Built a safe home for spawning ideas, children, poetry. Added, didn’t subtract; multiplied illusions, marches, chanting; hauled a brick, a stone, a beam. Can safe space really be walled off?
The Carolina Wren flew up fine fluff in its bill hopped onto my cabinet to feather its nest. Am I the predator it’s fighting against? Can it abandon its own young?
I seemed safe in my home Coronavirus notwithstanding. Gym at the Y? I don’t think so. Swim at Ocean Grove? Are you serious? Distancing myself and wearing a mask? Can I just shelter in poems?
The young deer turned its head towards me. Stationary on the pond’s edge, it trotted behind a tree disappeared into greenery, its home a sliver of woods.

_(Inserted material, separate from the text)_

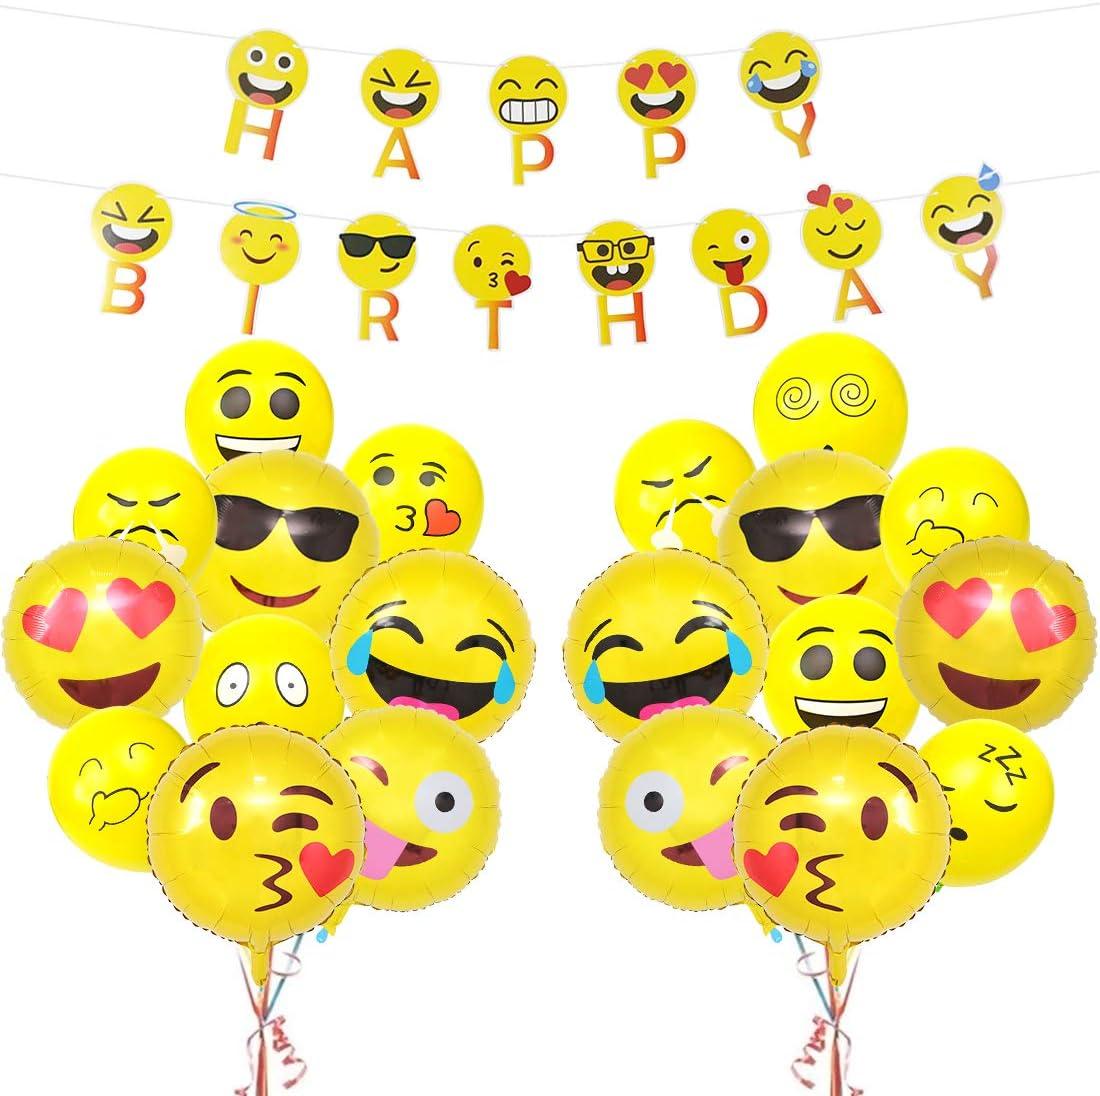 Emoji Kit Decorations D Anniversaire Emoji Mylar Ballons Smiley Visage Joyeux Anniversaire Banniere Pour Enfants Fete D Anniversaire Fournitures Amazon Fr Jeux Et Jouets

Can safe space long be hidden?
I shrank away behind my mask friends uninvited to my home; no trains rides into Philly; shunned protests in Malvern. My own safety is paramount: Can I seal off my home for good?
The bluejay screeched his red-tailed hawk imitation to scare off his competitors from my bounteous feeder. It worked! He is not who he seems. Can a home be disrupted at will?
To shout Black Lives Matter would drive away my family from our weekly Zooms; would seem to appropriate 400 years of struggle; would pop the bubble I’ve created. Can I compose at home, Black lives denied?